Студия машинного обучения Azure SelectColumnsTransform - как исправить или установить входной параметр веб-службы?
Образец анализа настроений по адресу https://gallery.azure.ai/Collection/Twitter-Sentiment-Analysis-Collection-1 демонстрирует использование выбора на основе фильтра в обучающем эксперименте, который используется для генерации Transform SelectColumnsTransform, которая будет сохранена и использована в прогнозном эксперименте, наряду с обученной моделью. В статье на https://docs.microsoft.com/en-us/azure/machine-learning/studio/create-models-and-endpoints-with-powershell объясняется, как можно программно обучать несколько моделей на разных наборах данных, сохранять их модели и затем создайте патч для нескольких новых конечных точек, чтобы каждая из них могла использоваться для оценки с использованием другой модели. Тот же метод может также использоваться для создания и сохранения нескольких выходных данных SelectColumnsTransform для выбора характеристик, специфичных для данного набора обучающих данных. Однако Patch-AmlWebServiceEndpoint, по-видимому, не позволяет изменять SelectColumnsTransform в веб-службе скоринга для использования соответствующего itransform, сохраненного во время обучения. Возвращается сообщение "EditableResourcesNotAvailable" вместе со списком ресурсов, которые можно редактировать, включая модели, но не преобразования. Кроме того, в отличие от (скажем) ImportData, SelectColumnsTransform не предлагает никаких параметров, которые могут быть представлены в качестве параметров веб-службы.

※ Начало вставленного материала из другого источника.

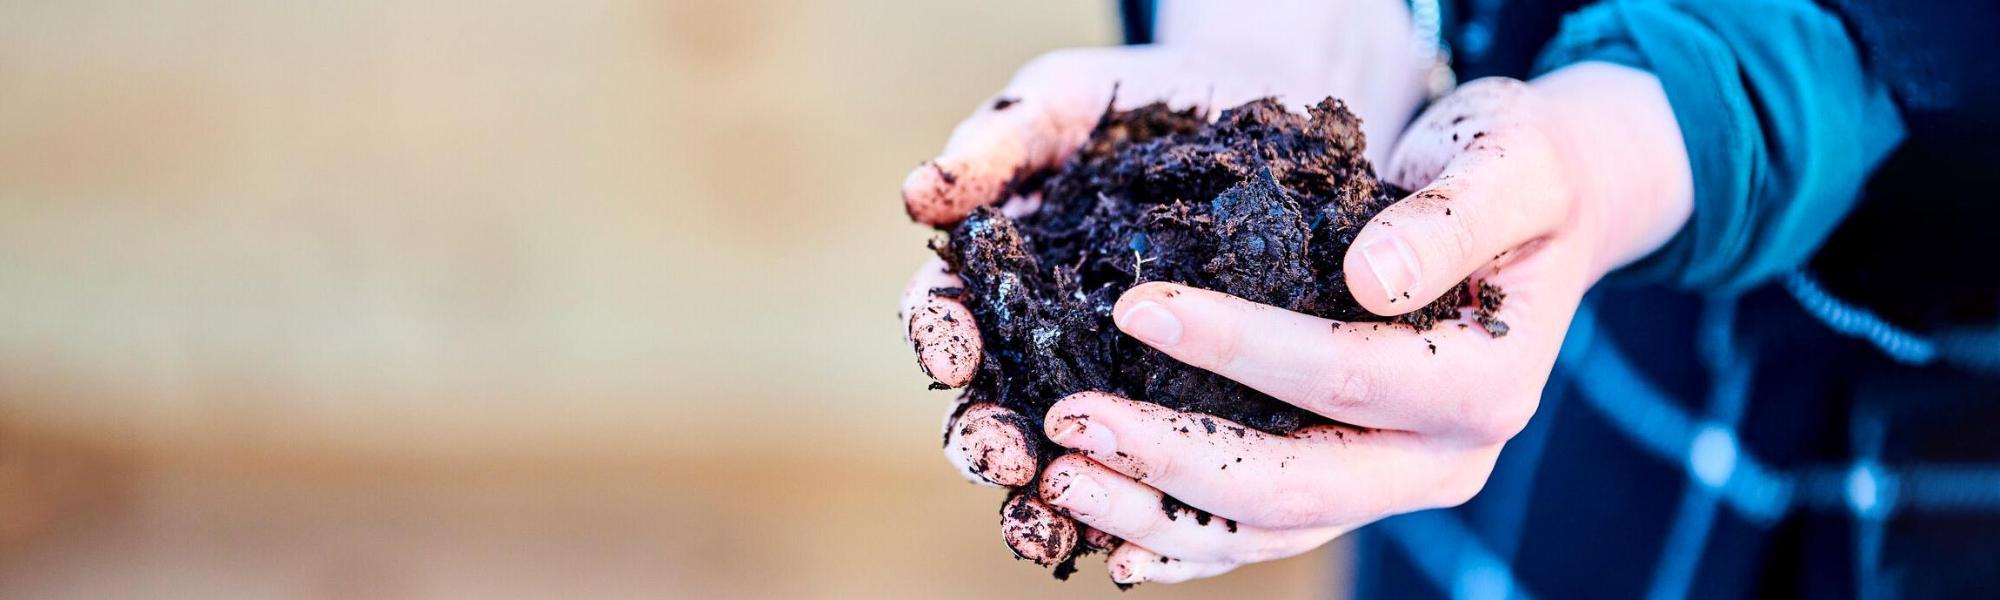 Hands holding compost

Итак, как можно программно создать несколько конечных точек веб-службы, каждая из которых использует разные BLOB-объекты SelectColumnsTransform, например, для службы классификации документов, где каждая конечная точка основана на различном наборе обучающих данных?
Любая информация высоко ценится.
1 ответ
Не берите в голову. Я полностью избавился от SelectColumnsTransform (в отличие от примера эксперимента), вместо этого используя сценарий R в обучающем эксперименте для сохранения имен выбранных столбцов, а затем другой сценарий R в прогнозном эксперименте для загрузки этих имен и удаления любой другой функции. колонны.